Я сходила с ума медленно и мучительно, потому что внутри меня одновременно существовали вина перед Игорем и непреодолимое притяжение к Антону, и чем сильнее я пыталась убедить себя, что это всего лишь временное помутнение, тем отчётливее понимала, что жду каждого его сообщения так, словно от этого зависит моё дыхание, и именно это осознание делало меня нервной, раздражительной и почти агрессивной в ответ на любое слово Игоря.
Игорь изменился, и эта перемена была пугающей не громкостью, а тишиной, потому что он больше не оправдывался, не просил, не пытался быть мягче, а просто смотрел на меня долгим, тяжёлым взглядом, в котором медленно скапливалось нечто тёмное, словно внутри него нарастало давление, способное в любой момент прорваться.
Вечером, когда я вернулась позже обычного и по моему лицу, по сбившемуся дыханию и напряжённым движениям было слишком заметно, что я пришла не просто с работы, разговор начался спокойно, но под этой внешней ровностью чувствовалась опасная трещина, потому что каждый его вопрос звучал как проверка, а каждый мой ответ, как попытка оттолкнуть его ещё дальше.
Он спросил, где я была, и я, слишком быстро и слишком резко, ответила, что это не его дело, хотя прекрасно понимала, что подобные слова не гасят конфликт, а только разжигают его, и когда он повторил вопрос уже тише, но жёстче, я сказала, что устала от его контроля, хотя на самом деле устала от собственной лжи.
Момент срыва не был подготовленным или театральным, он случился внезапно, как вспышка, когда накопленное напряжение, ревность, обида и унижение с обеих сторон столкнулись слишком резко, и его рука, дрогнувшая в порыве злости, толкнула меня сильнее, чем он, вероятно, собирался, так что я потеряла равновесие, ударилась о край стола и почувствовала острую боль в плече и металлический привкус крови во рту. Это не было долгим избиением, но было достаточно, чтобы граница оказалась перейдённой, потому что в его глазах сразу же мелькнуло осознание того, что произошло нечто непоправимое, и в моих глазах он, возможно, впервые увидел не раздражение, не холод, а настоящий страх.
Я заперлась в ванной, дрожа не столько от боли, сколько от внутреннего крика, который невозможно было остановить, и, глядя на своё отражение с покрасневшими глазами и синяком, который уже начинал темнеть, я поняла, что окончательно потеряла ощущение контроля над собственной жизнью, потому что всё, что начиналось как запретное притяжение, превратилось в разрушительную воронку.

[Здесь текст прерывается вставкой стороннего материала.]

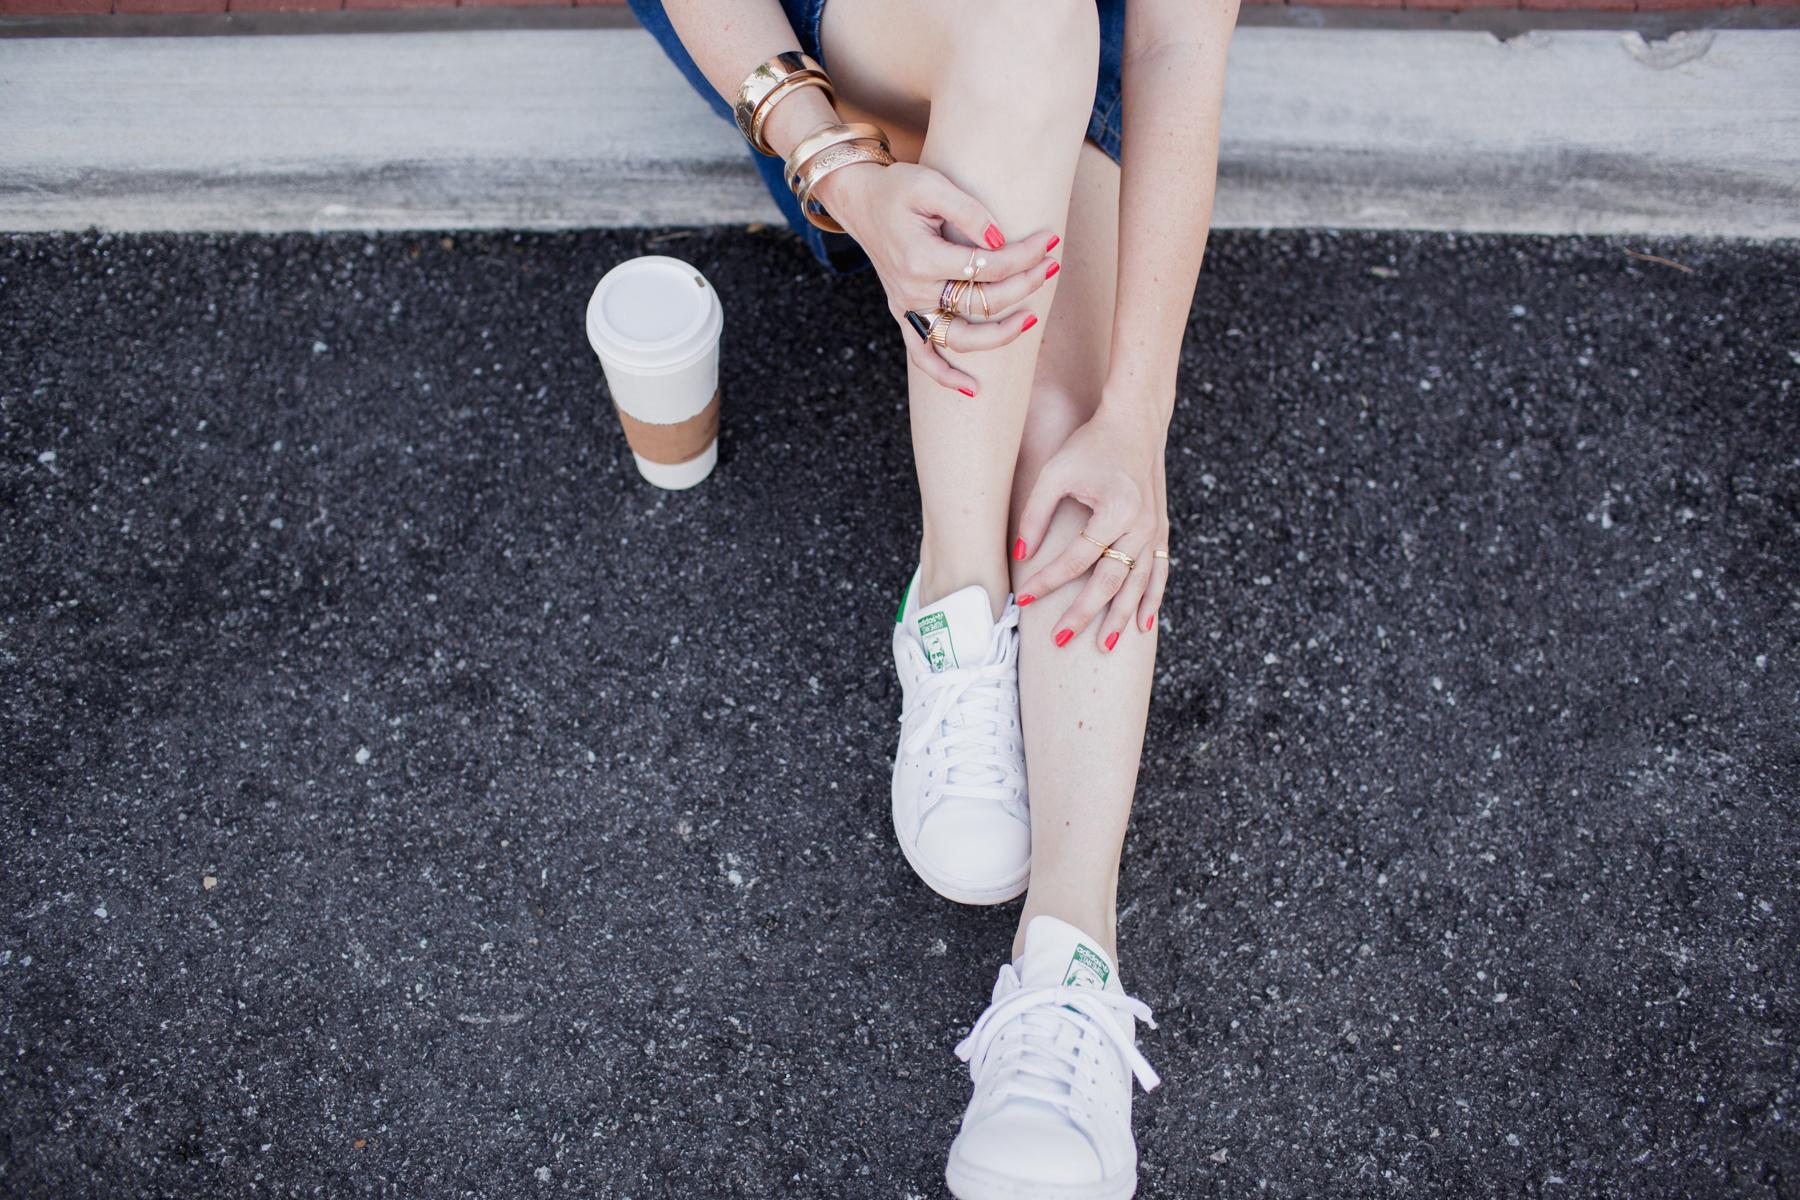 anna_e_cottrell_eldridge_edit_fashion_blogger_mgb_photo_denim_dress_summer_2016_trends_adidas_stan_smith_vintage_jewelry_acne_aviator_sunglasses_coffee_2.jpg

Я позвонила Антону, почти не осознавая, что делаю, потому что пальцы набрали его номер сами, и когда он услышал мой голос, сбитый, хриплый, полный паники, он не стал задавать лишних вопросов, а только сказал, что едет, и в этих двух словах было столько решимости, что я одновременно почувствовала облегчение и новый страх.
Когда он вошёл в квартиру, атмосфера уже была наэлектризована до предела, потому что Игорь стоял в гостиной, напряжённый и побледневший, а Антон двигался резко, почти хищно, словно заранее знал, что мирного разговора не получится, и между ними с первых секунд не было слов, способных остановить то, что накапливалось неделями.